# Predicting Apartment Renting Prices in Santiago MR - Feature Engineering

In [1]:
import pandas as pd
import numpy as np
import re
import math
from matplotlib import pyplot as plt
%matplotlib inline
import matplotlib 
import seaborn as sns
import joblib

from sklearn import compose, preprocessing, pipeline
from sklearn.base import BaseEstimator,TransformerMixin
from sklearn.model_selection import train_test_split, cross_val_score, GridSearchCV, KFold, StratifiedKFold
import sklearn.metrics as metrics
import sklearn.utils

matplotlib.rcParams["figure.figsize"] = (8,5)

## Data Load: load cleaned data into a dataframe

In [2]:
df = pd.read_csv("RENT_APARTMENT_MR_eda.csv")
print(df.shape)
df

(4762, 5)


Unnamed: 0,Surface,Bedrooms,Bathrooms,Location,Price
0,21.0,1.0,1.0,Las Condes,190000.0
1,40.0,1.0,1.0,Las Condes,507938.0
2,220.0,4.0,4.0,Las Condes,1500000.0
3,140.0,4.0,4.0,Las Condes,1500000.0
4,140.0,4.0,3.0,Las Condes,1500000.0
...,...,...,...,...,...
4757,140.0,3.0,3.0,Vitacura,1550000.0
4758,144.0,4.0,4.0,Vitacura,1550000.0
4759,140.0,4.0,4.0,Vitacura,1550000.0
4760,185.0,3.0,3.0,Vitacura,2000000.0


## Training, Test data split

Before conducting any transformation on the features which we will use as predictors, we should split the data into training and test sets. <br>
Next, implemented feature transformations will be done to the training set and then applied on the test set. This way we avoid data leakage from the test to the training set.

In [3]:
train_ratio = 0.85
test_ratio = 0.15

# train_data = {}

# X = df[features[i]]
X = df.drop(['Price'], axis=1)
y = df['Price']

# split the data into train (train + validation) and test sets
X_train, X_test, y_train, y_test = train_test_split(
    X, y,
    test_size=test_ratio,
    random_state=22
)

frac_train = len(X_train) / (len(X_train)+len(X_test))
frac_test = len(X_test) / (len(X_train)+len(X_test))

print(f"Number of samples for training ({frac_train}): {len(X_train)}")
print(f"Number of samples for test ({frac_test}): {len(X_test)}")
# print(X_train, X_val, X_test)
 

Number of samples for training (0.8498530029399411): 4047
Number of samples for test (0.1501469970600588): 715


In [4]:
X_train
# X_test

Unnamed: 0,Surface,Bedrooms,Bathrooms,Location
4088,80.0,3.0,2.0,Santiago
2519,70.0,3.0,2.0,Maipu
3561,30.0,1.0,1.0,Santiago
862,500.0,3.0,4.0,Las Condes
932,304.0,4.0,4.0,Las Condes
...,...,...,...,...
2527,90.0,3.0,2.0,Macul
2952,50.0,1.0,1.0,Providencia
4587,113.0,2.0,2.0,Vitacura
356,68.0,2.0,2.0,Las Condes


In [5]:
X_train.dtypes
# X_test.dtypes

Surface      float64
Bedrooms     float64
Bathrooms    float64
Location      object
dtype: object

## Feature transformations

Next, we will apply transformations to some of the features in the dataset. For this, we will treat each feature as the type of variable described below.

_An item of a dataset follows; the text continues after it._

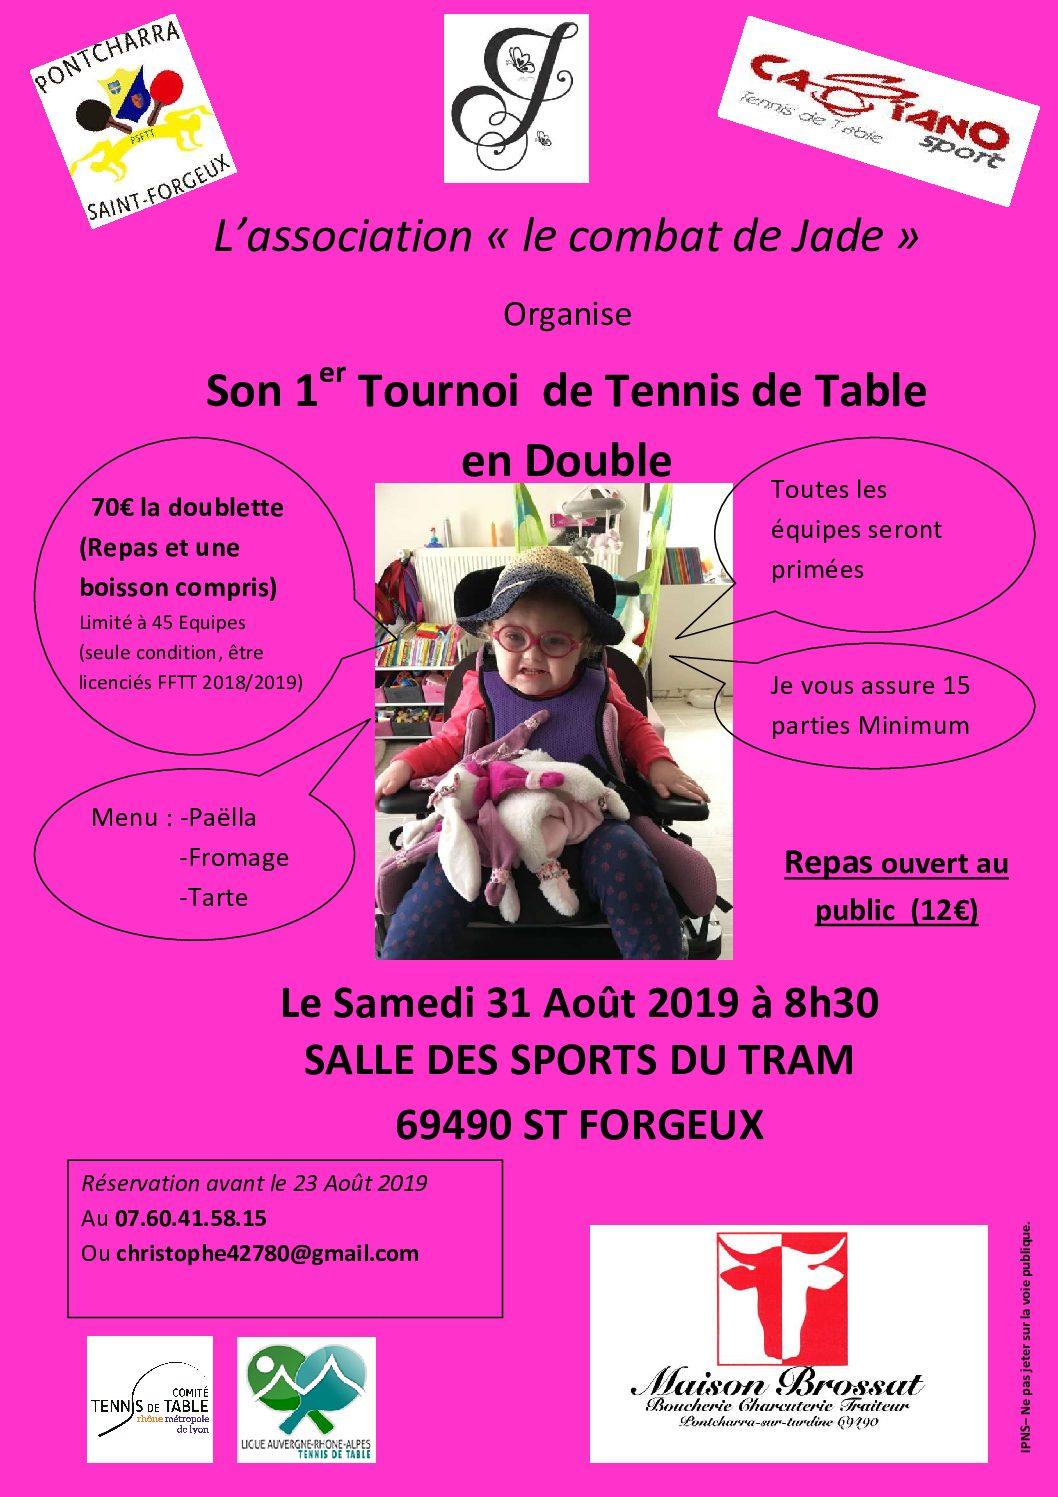 31 août 2019 / St Forgeux : l'association «le combat de Jade» organise son 1er tournoi en double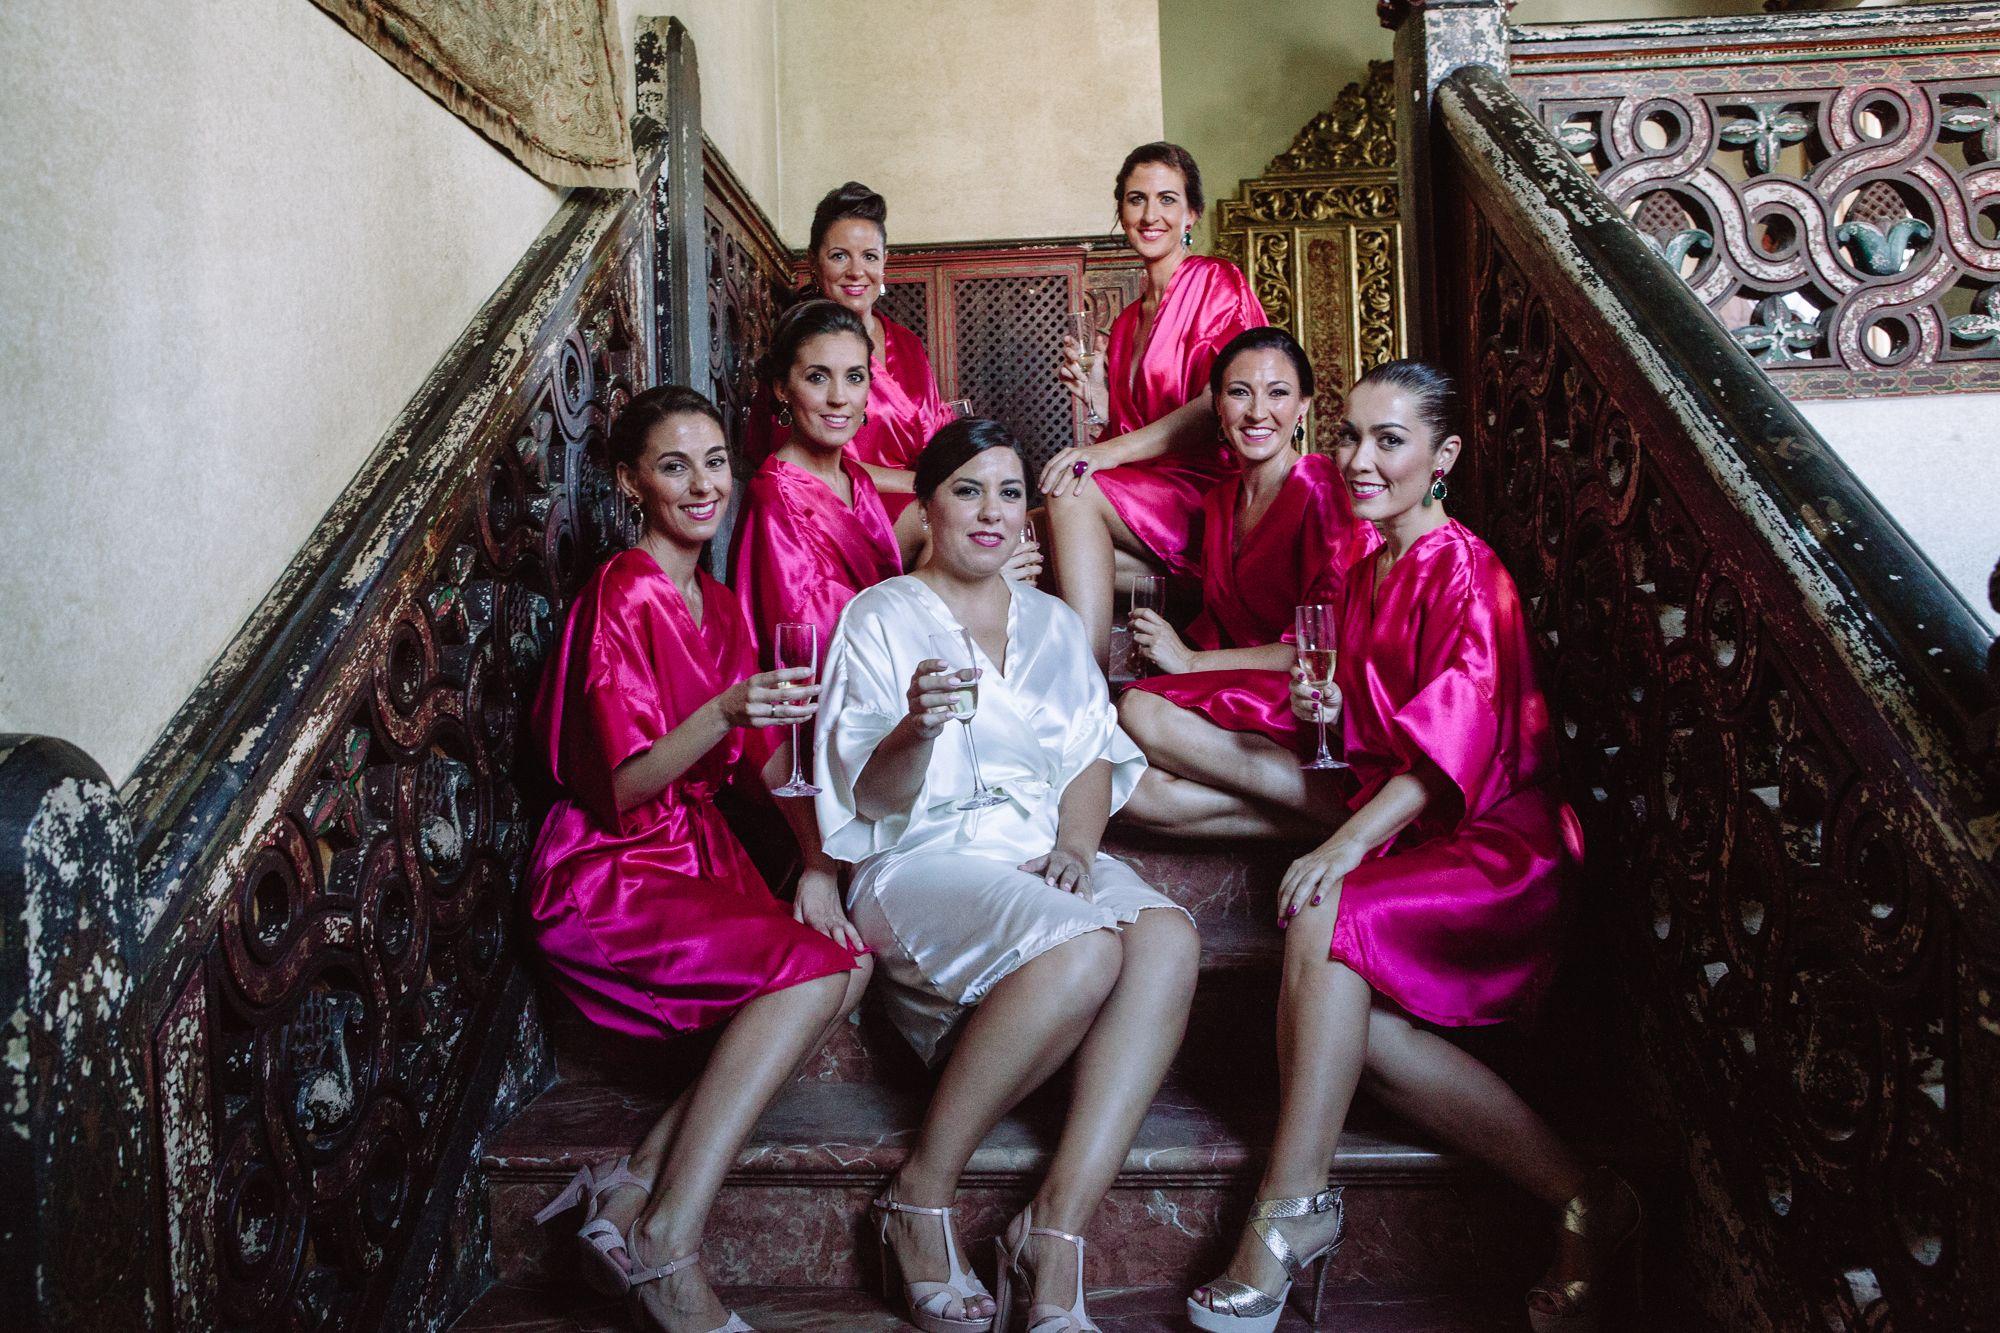 La boda de Amanda y Jorge en Villa Luisa 12

- Surface: continuous variable. It will be normalized.
- Bedrooms, Bathrooms: discrete variables. They can be treated as ordinal (only certain values are allowed, with certain ordering) and hence will be encoded as such.
- Location: categorical variable. It will be one-hot-encoded.

## Dimensionality Reduction on Rooms count

Number of rooms (feature columns *Bedrooms* and *Bathrooms*) can be considered as ordinal variables, since they take only certain discrete values which have an specific ordering (with equal interval between different value levels). We will implement a custom transformation in order to reduce the dimensionality of these features, which groups these feature values in categories corresponding to the integer of the feature values (below a threshold of 4) and to the threshold itself (for values above the threshold).

To preserve the ordering of these ordinal features, we will not apply one-hot-encoding on them.

In [6]:
class CustomOrdinalEncoder(TransformerMixin, BaseEstimator):
    """
    Class defining a custom transformer that applies ordinal encoding.
    For any given feature in the input dataset, this transformation assigns 
    the value of the defined threshold to values which are higher the threshold.
    While feature values which lower or equal than the threshold are kept 
    unchanged.

    Parameters
    ----------
    TransformerMixin: class
        Implements method fit_transform().
    BaseEstimator: class
        Implements methods set_params() and get_params().

    Returns
    -------
        pandas.dataframe
        Dataframe containing transformed data.                
    """    
    def __init__(self, threshold=None):
        self.threshold = threshold
        
    def fit(self,X,y=None):
        return self
    
    def transform(self,X,y=None):
        """Apply ordinal encoding transformation to input dataset."""
#         print(type(X))
        if isinstance(X, pd.DataFrame):
            # convert dataframe to series
            X = X.squeeze('columns').copy()
#         print(X.columns)
        else:
            X = pd.Series(X).copy()
#         print(type(X))
#         print(X)        
        X = X.apply(
            lambda x: int(x) if x < self.threshold else int(self.threshold)
        )
#         print(X.shape)
#         print(type(X))
        return X.to_frame()
    

Let's see the effect of this transformation when we apply it to our train set.

In [7]:
X_train_transformed = X_train.copy()

ordinal_encoder = CustomOrdinalEncoder(threshold=4.)
ordinal_encoder.fit_transform(X_train_transformed['Bedrooms'])
X_train_transformed['Bedrooms_encoded'] = ordinal_encoder.transform(X_train_transformed['Bedrooms'])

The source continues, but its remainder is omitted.